Despite the movement of the Green Growth Policy, there are flaws in the goals that are set to reduce the usage of nonrenewable energy. For example, President Lee Myeong Bak's target of increasing South Korea's renewable usage to 20.1% by 2029 is lackluster considering that other countries such as Sweden has set their goal for a 100% of their energy to come from renewable sources. Some countries like Costa Rica and Scotland have been successful in generating 97-98% of their energy from renewable energy sources.

=== Five Year Action Plan ===
The Five Year Action Plan was a plan that was introduced to help initiate the Green Growth Policy and kickstart green technological advancements. The Five Year Action Plan prioritized urban planning, buildings, and transportation and took place in 2009 till 2013. Not only did the Five Year Action Plan work to promote and create a new market for new and renewable energy (NRE) but it also helped to create almost 960,000 green jobs which ultimately helped the country overcome an economic crisis. Jobs were created for development of certain green technologies such as silicon based solar cells and smart grids.

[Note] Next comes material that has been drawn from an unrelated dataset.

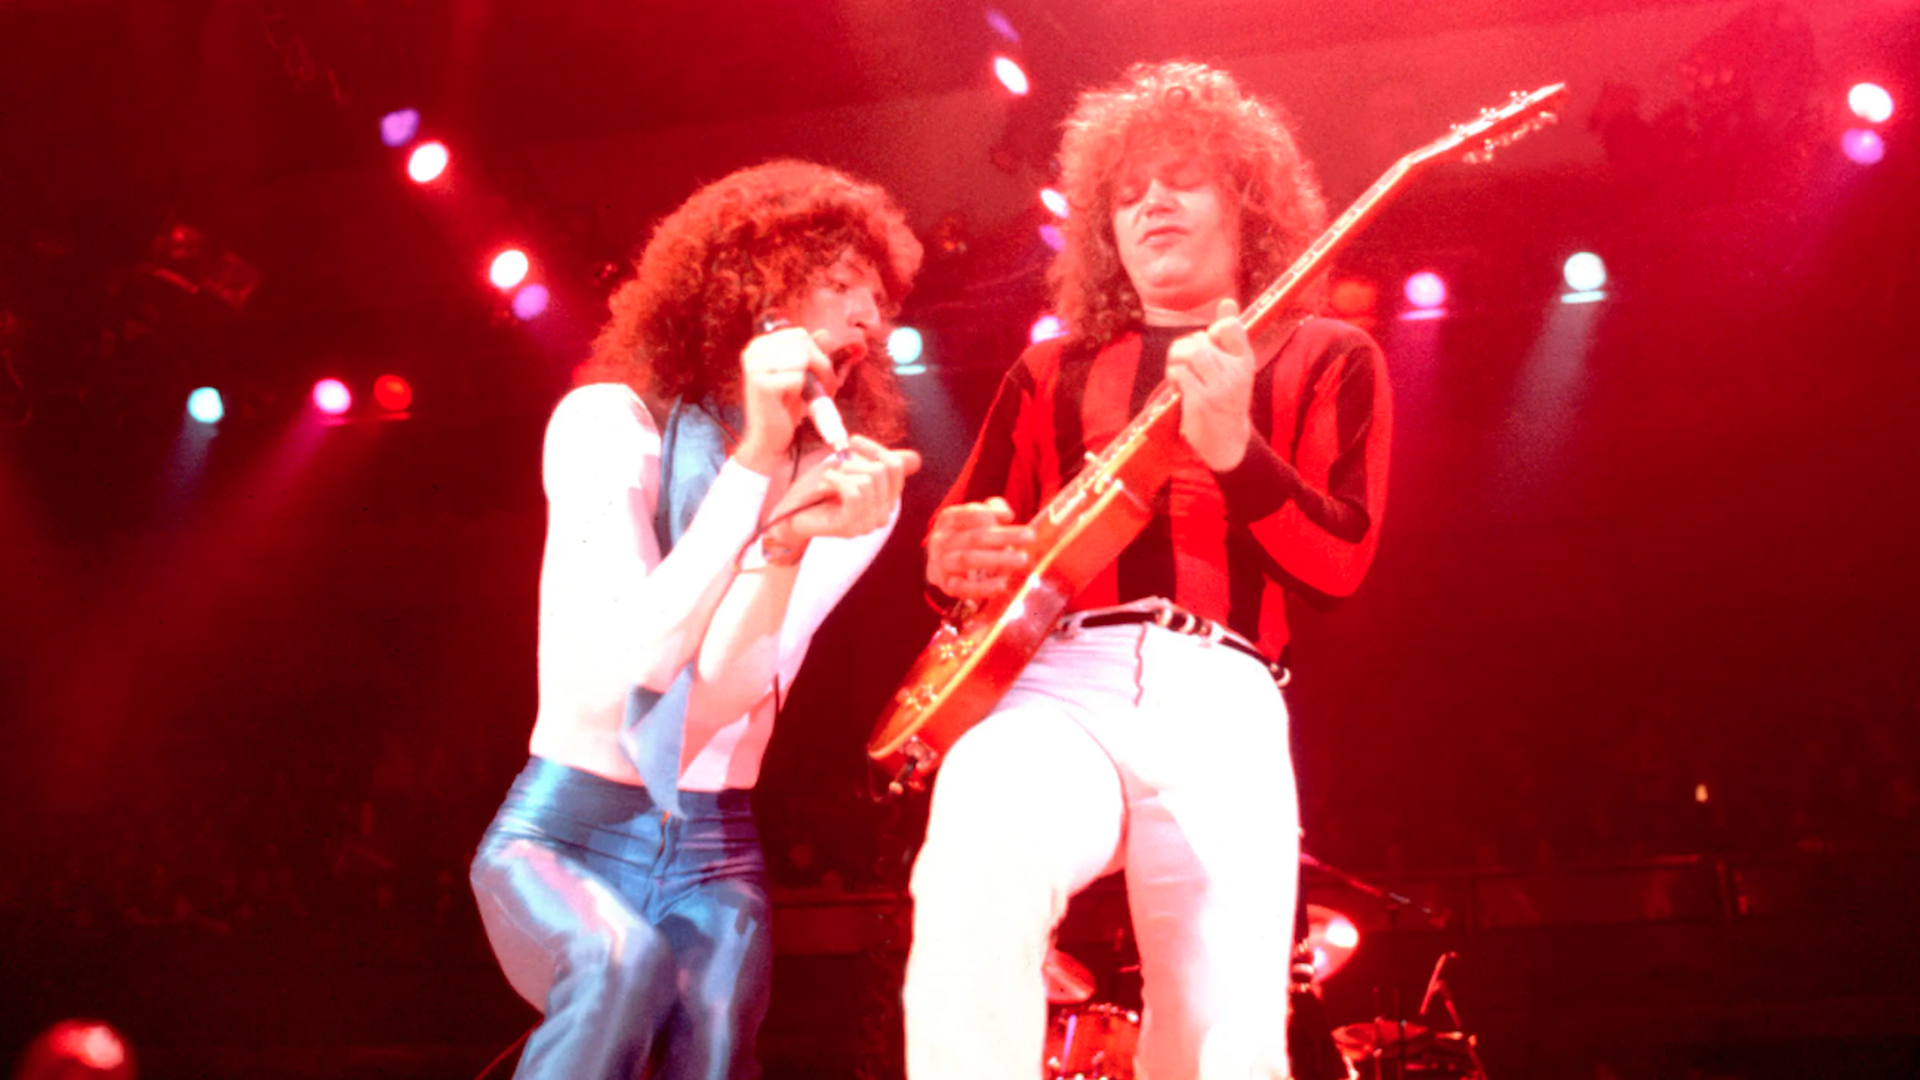 Photo of two rock stars on stage performing 
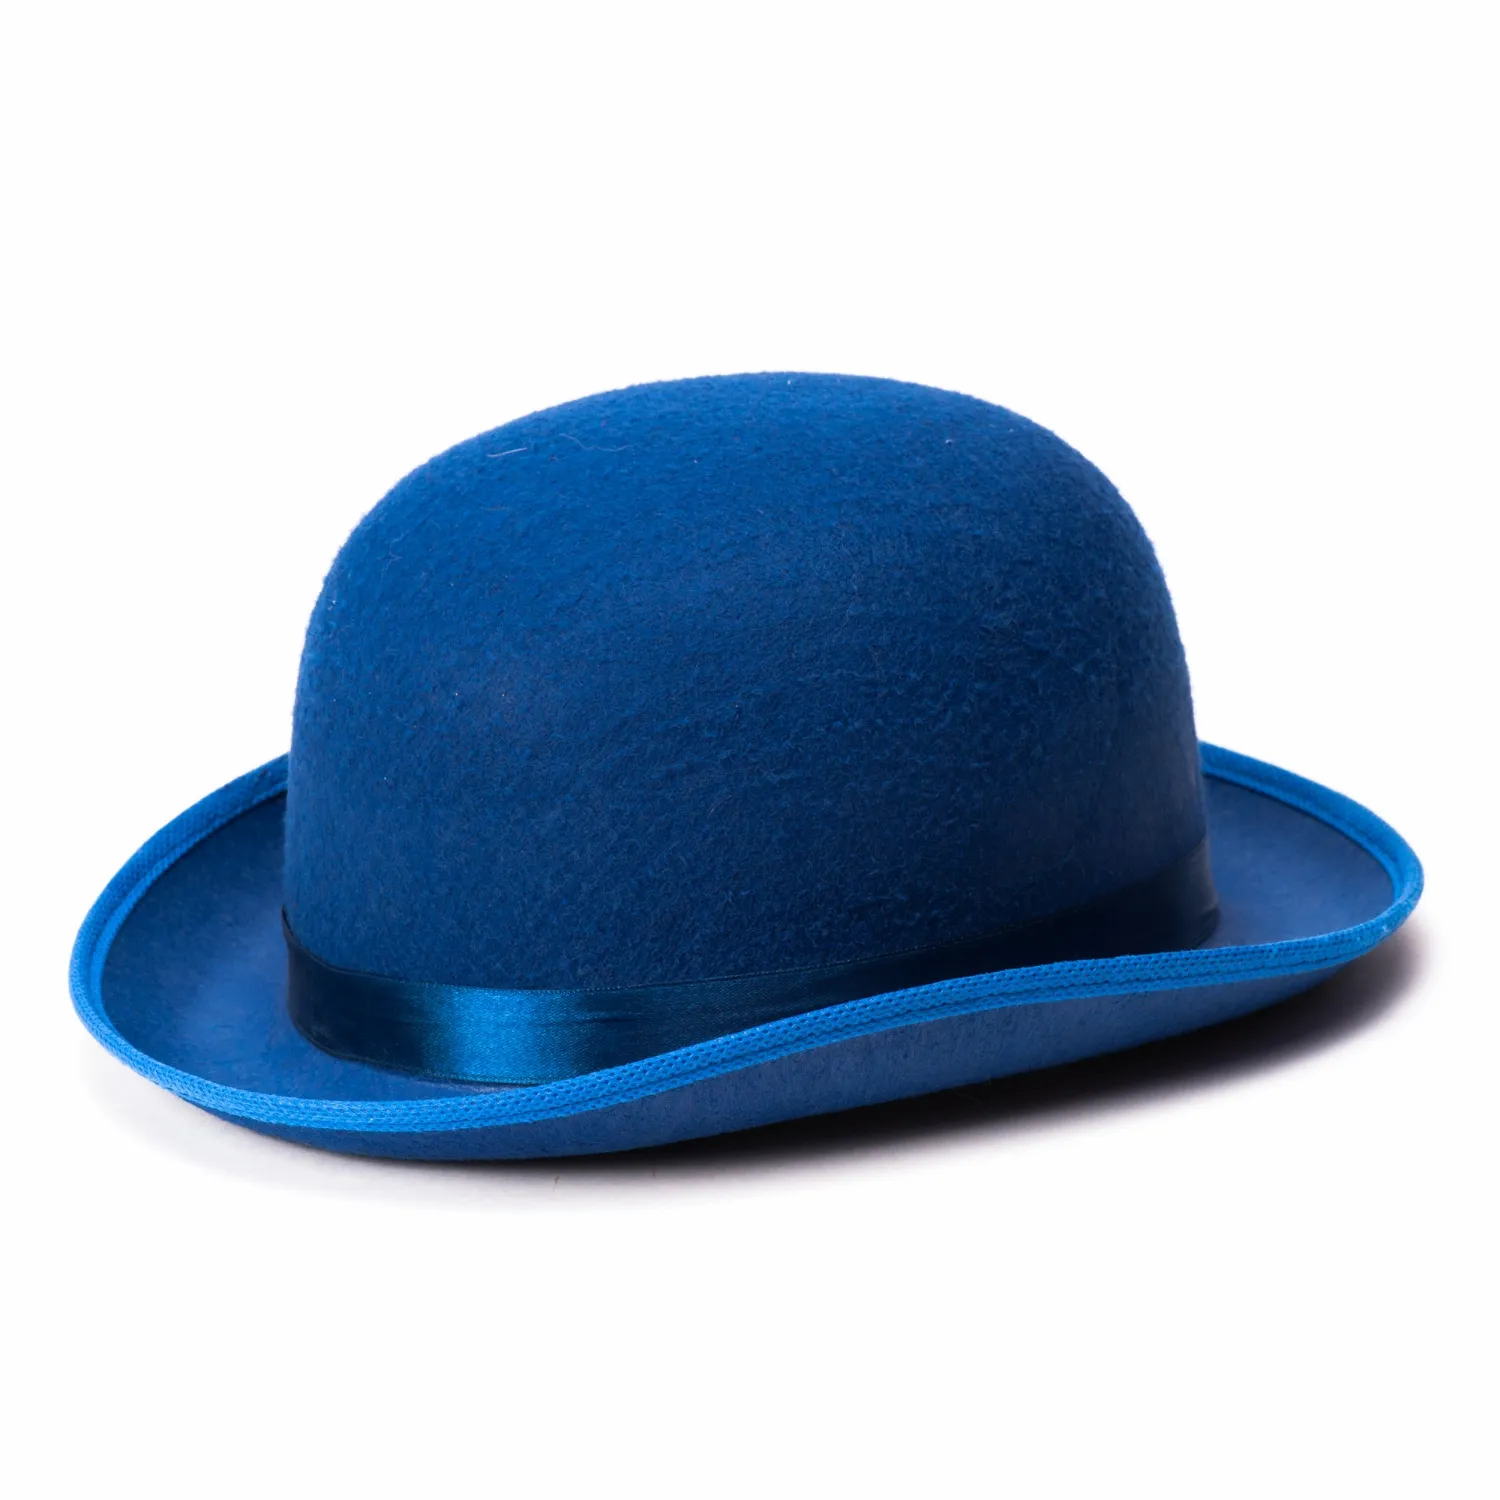 A blue bowler hat on a white

Although South Korea has been dedicating around 2% of their GDP annually (US$23 billion), almost double the recommended amount suggested by the UN, private investments were needed to invest in NRE. The private investments assisted in creating a market and creating a flow of supply and demand for NRE technologies. During this phase, almost 30 different South Korean companies had invested approximately US$13.6 billion in NRE technologies. The investments from the private businesses positively impacted on reducing GHG emissions by marketing green technology. According to the environmental investment assessment of GHG that was launched in 2010, roughly 11.47 million tons of GHG emissions from their annual emission of 595.95 million tons of GHG has been reduced due to the development of 53 new businesses in the green technology field.

=== Pollution in the Seoul Metro ===
Reducing dust pollution in the Seoul Metro system was the target of a ₩300 billion investment programme spread over three years and commencing in 2024, at which date around 7 million passengers daily used the system. The aim was to install improved ventilation, air conditioning, less dusty tunnel beds, dust-trap mats at turnstiles, and publicly available information as to platform pollution. The intention was to reduce the then average pollution concentration from 38.8 μg/m3 to 32 μg/m3 by 2026. The legal limit was 50 μg/m3.